Monday, September 27, 2010

You'll look great!

Lifting weights will help your clothes fit better. If you don't lift weights you can say so long to
toned muscles. Research shows that between the ages of 30 and 50, you're likely to lose 10 percent of the total muscle on your body. And that percentage will double by the time you're 60! Worst yet, that lost muscle is likely to be replaced by fat over time. According to a study done by The American Journal of Clinical Nutrition, scientists there found that even people who maintained their body weights for up to 38 years, lost 3 pounds of muscle and added 3 pounds of fat per decade. Not only does that make you look flabby, it increases your waist size. That's because 1 pound of fat takes up 18 percent more space on your body than 1 pound of muscle. So keep pushing those weights and you'll look great!

Monday, August 16, 2010

Burn Baby Burn!

Want to burn calories while sitting on the couch? Well, just have your self a good weight lifting session and that’s what will happen. Why you ask?

Your muscles need energy to repair and upgrade your muscle fiber after each resistance- training workout. For instance, a University of Wisconsin study found that when people performed a total-body workout comprised of just three big muscle exercises, their metabolisms were elevated for 39 hours afterward. The exercisers also burned a greater percentage of calories from fat during this time, compared with those who didn't lift.

But what about during your workout? After all, many experts say jogging burns more calories than weight training. Turns out, when scientists at the University of Southern Maine used an advanced method to estimate energy expenditure, they found that lifting burns as many as 71 percent more calories as originally thought. The researchers calculated that performing just one circuit of eight exercises-which takes about eight minutes-can expend 159 to 231 calories. That’s about the same number burned by running at a 6-minute-mile pace for the same duration.

Sunday, June 27, 2010

The Weight Lifting Advantage

While using aerobic exercise to lose stomach fat is very important, weight training is much more valuable. Lifting weights will help you lose weight AND build muscle. Don't believe me? Read on.
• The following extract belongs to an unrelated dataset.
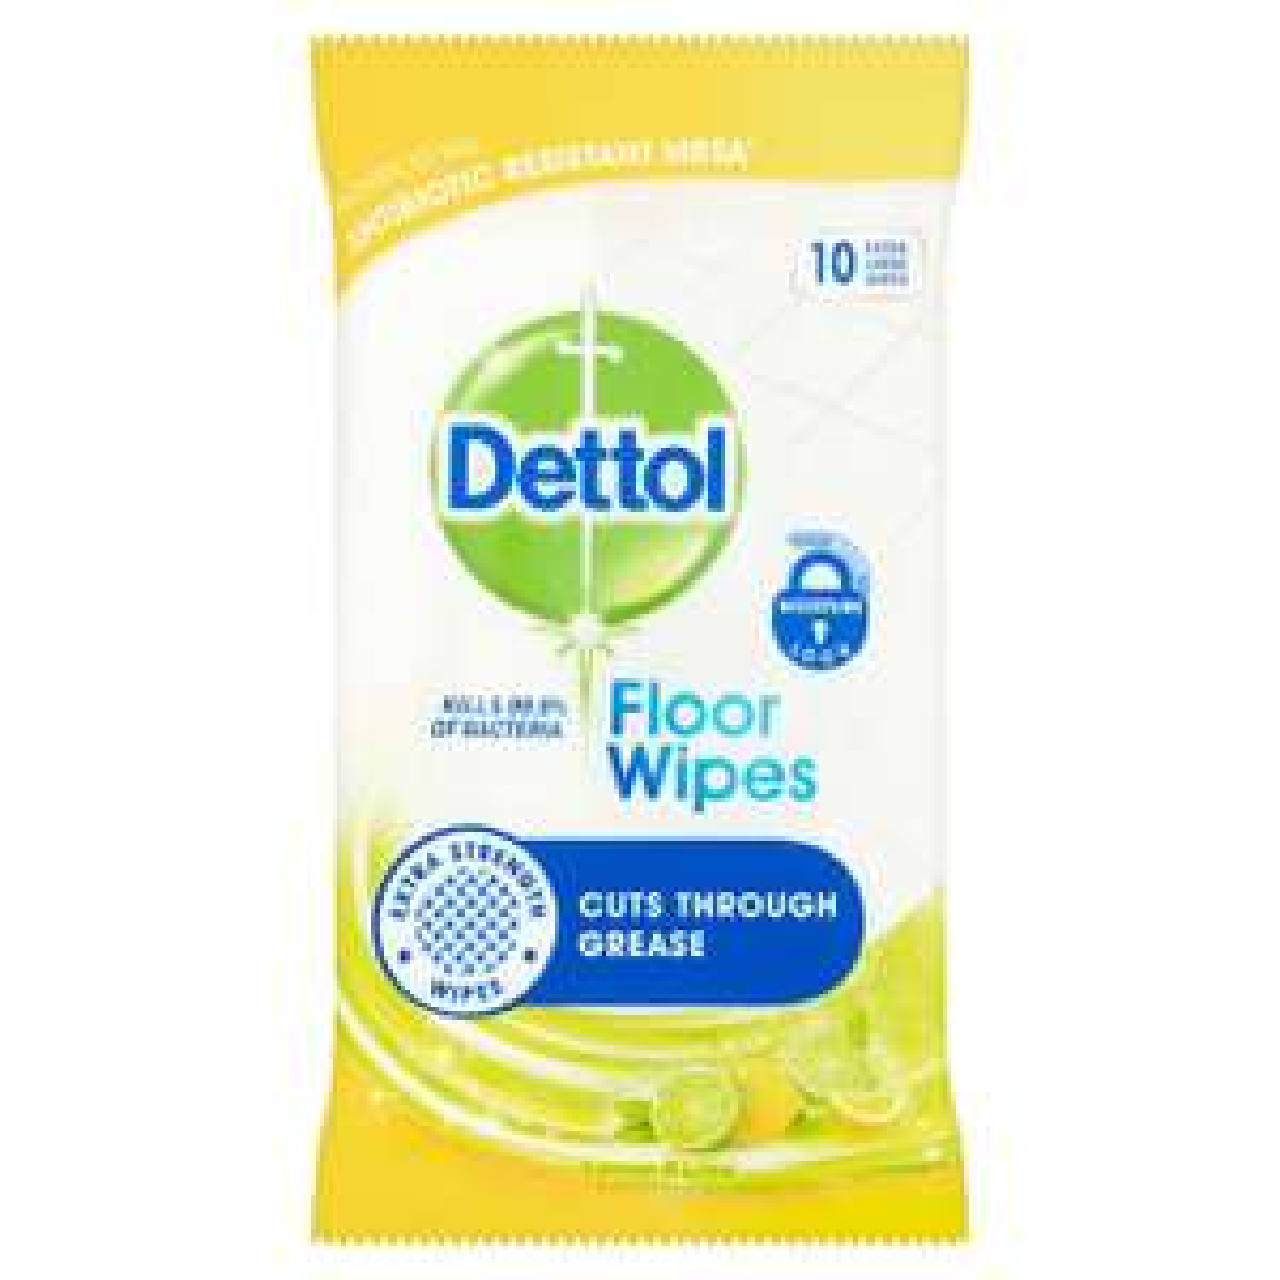 Dettol floor wipes 50p at Morrisons
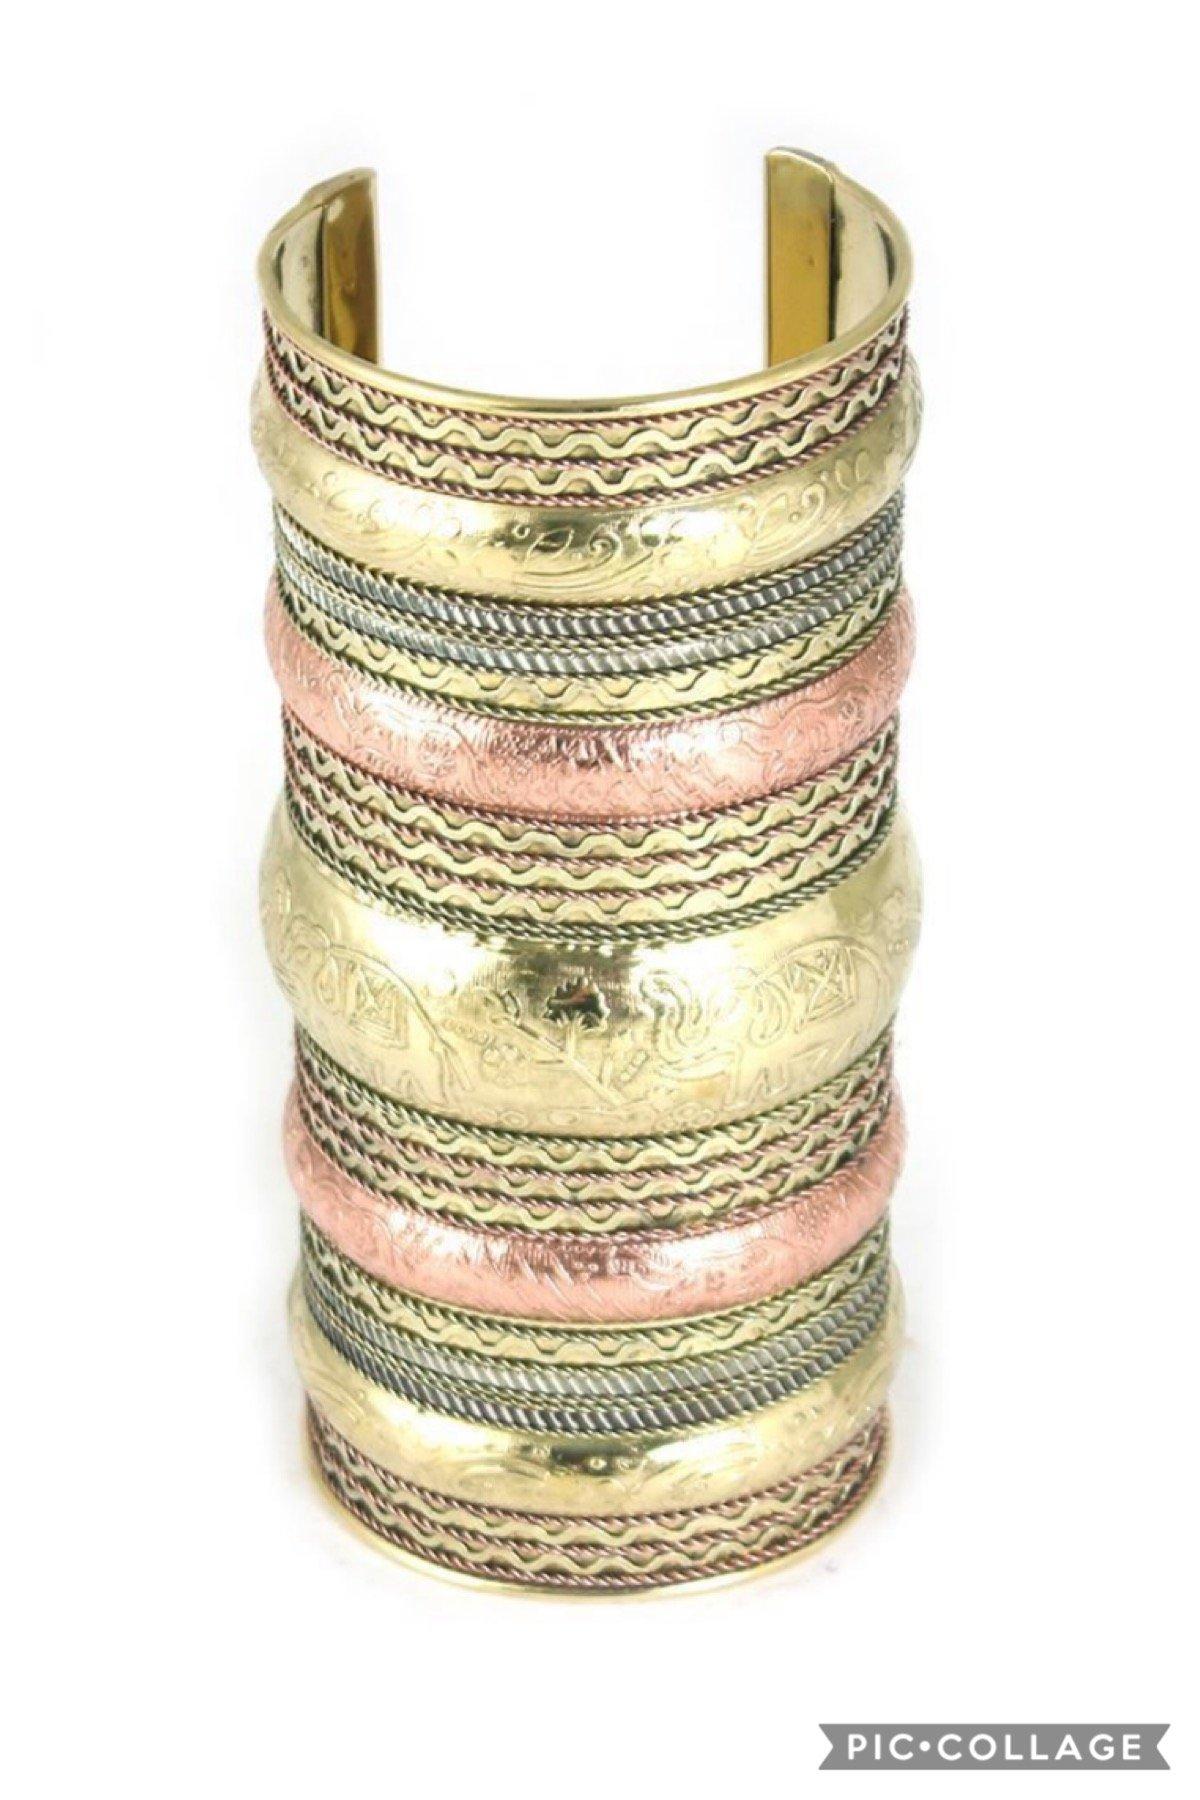 Image of Elephant Cuff: Copper/Brass

According to an article in the Men’s Health Big Book of Exercise, Penn State University researchers put overweight people on a reduced calorie diet and divided them into three groups. One group didn’t exercise, another did aerobic exercise 3 days a week and the last group did both aerobic exercise and weight training 3 days a week. Each of the groups lost nearly the same amount of weight-around 21 pounds. The difference being those that lifted weights lost 6 more pounds of fat than those that didn’t. Why? Because the lifters’ weight loss was almost pure fat, while the other two groups lost just 15 pounds of fat and several pounds of muscle. That amounts to 40% greater fat loss. This isn’t a one time finding. According to the same article, research shows that 75% of non lifting dieters’ weight loss is from fat while 25% is from muscle. That 25% may reduce your scale weight but it doesn’t do a lot for your reflection in the mirror. It also makes you more likely to gain back the fat you lost. However, if you weight train as you diet, you’ll protect your hard-earned muscle and burn more fat instead. It’s like liposuction: The whole point is to remove unwanted fat, right? Ok. Then that’s exactly what you should demand from your workout.